Очнулся Степа на пляже в Ялте.

В психиатрической клинике состоялось более продолжитель­ное знакомство поэта Ивана Бездомного и доктора Стравинского. Доктор и его коллеги узнали у Бездомного все насчет его про­шлой жизни, а затем расспросили о вчерашнем происшествии на Патриарших прудах, при этом не удивляясь сообщению о Пон­тии Пилате.

Во время консилиума Бездомный размышлял о том, как глу­по и странно все получилось: хотел предупредить окружающих об опасности, а попал в психиатрическую лечебницу.

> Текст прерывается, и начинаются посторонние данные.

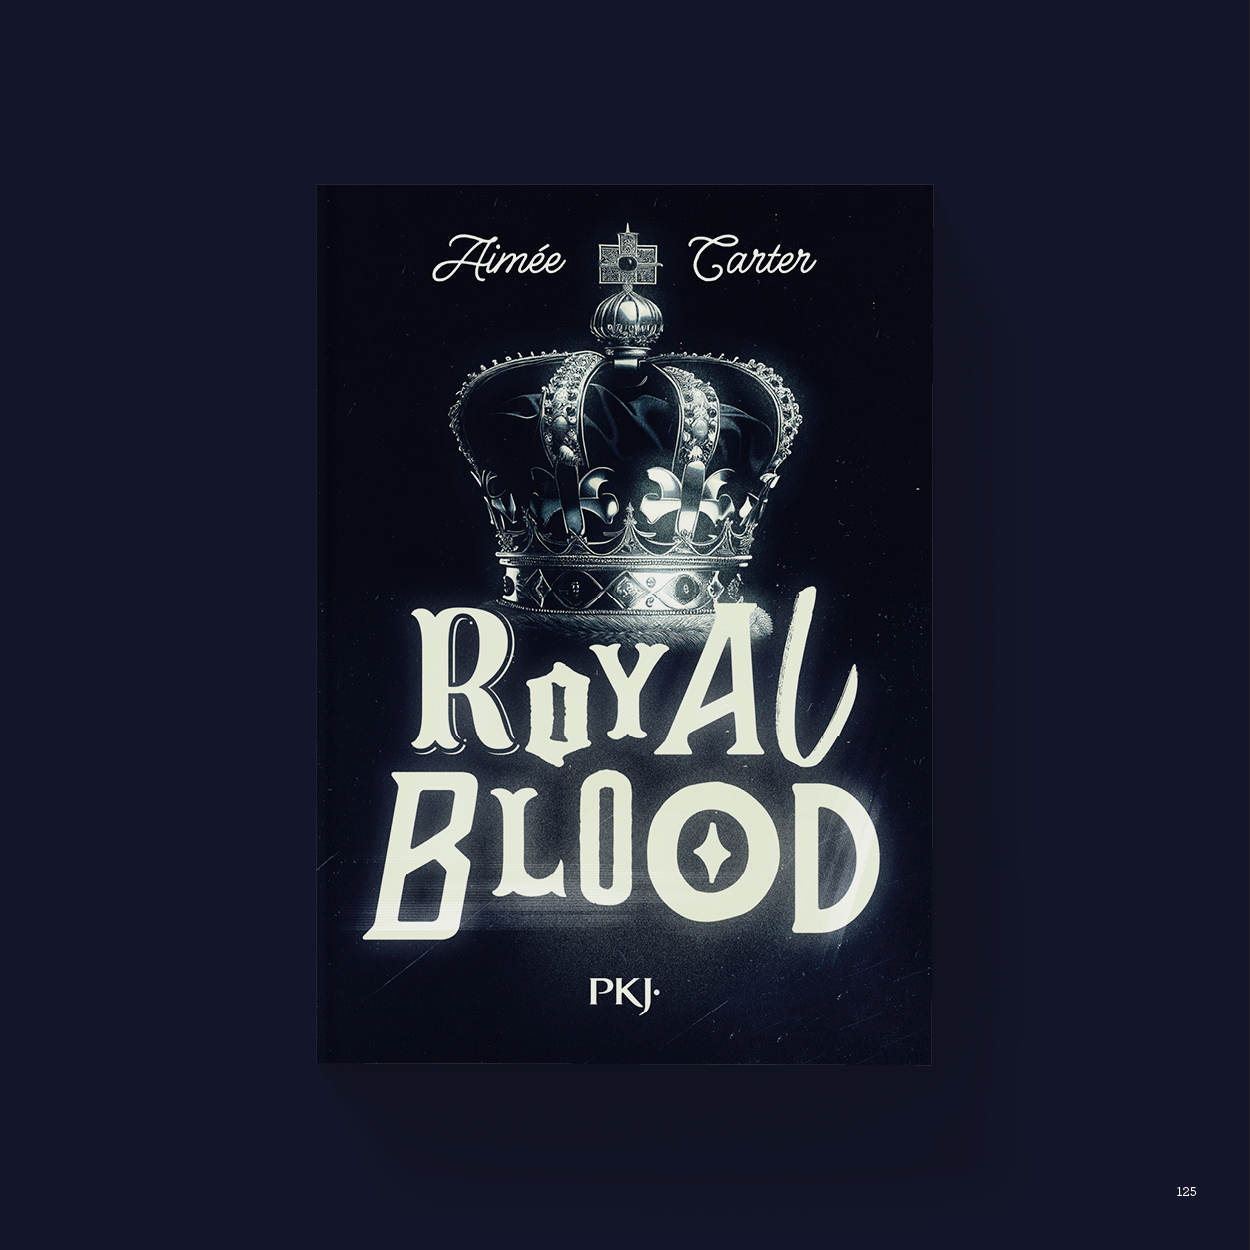 Vue_Royal_blood_125
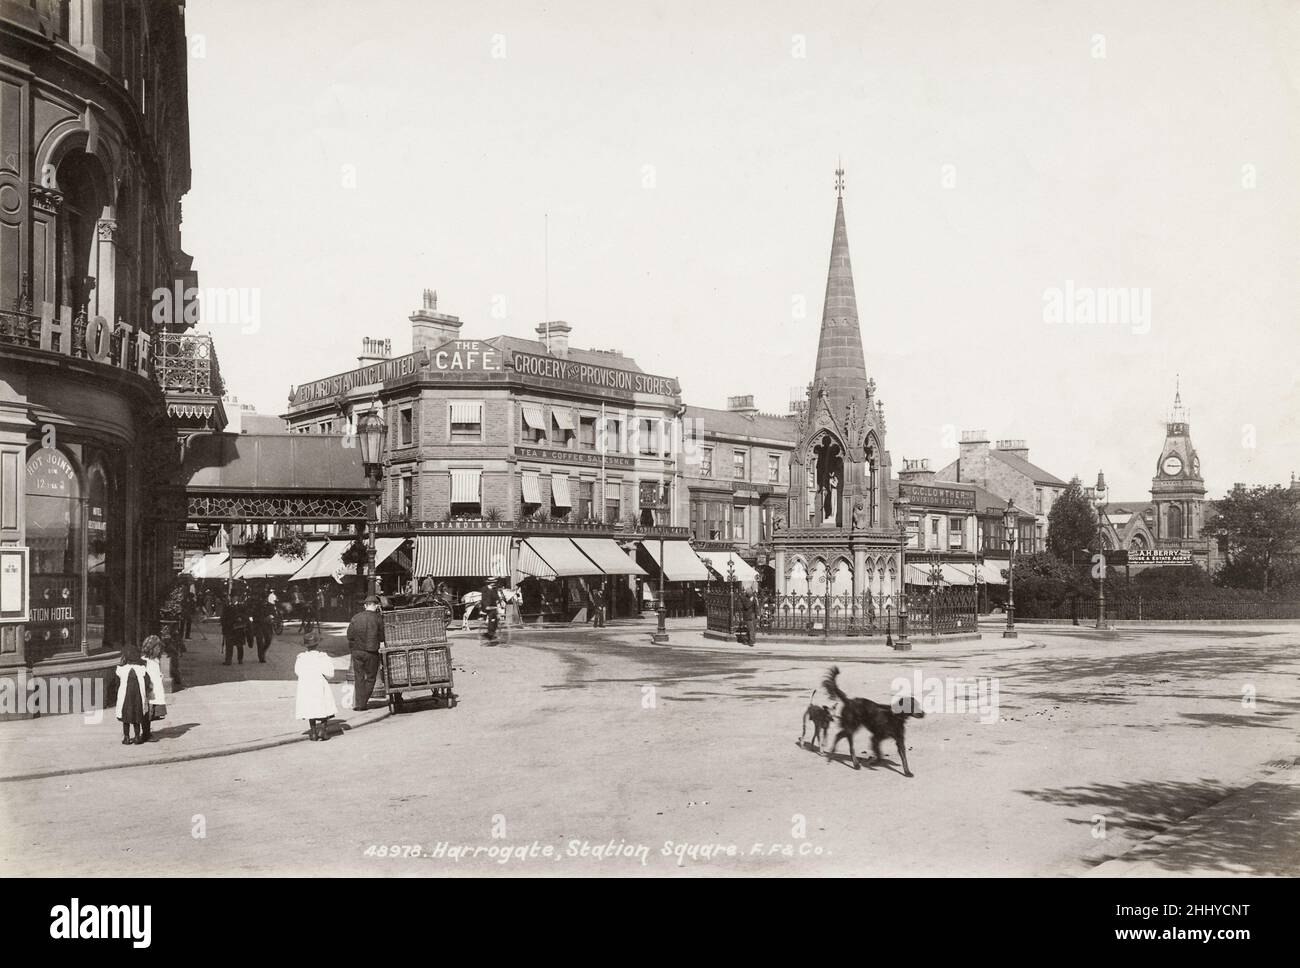 Fotografía vintage, finales de 19th, principios del siglo 20th, vista de Station Square, Harrogate, North Yorkshire Foto de stock

После того, как поэт отправился в свою палату, к нему при­шел доктор и долго беседовал. Бездомный рассказывал ему прав­ду о вчерашнем происшествии, доктор же терпеливо выслуши­вал и не перечил. По окончании беседы Стравинский сделал вслух вывод о том, что вчера Ивана Николаевича кто-то сильно напу­гал и расстроил. Спасение пациента, по словам доктора, в полном покое, и поэтому доктор настоятельно рекомендует больному ос­таться в лечебнице.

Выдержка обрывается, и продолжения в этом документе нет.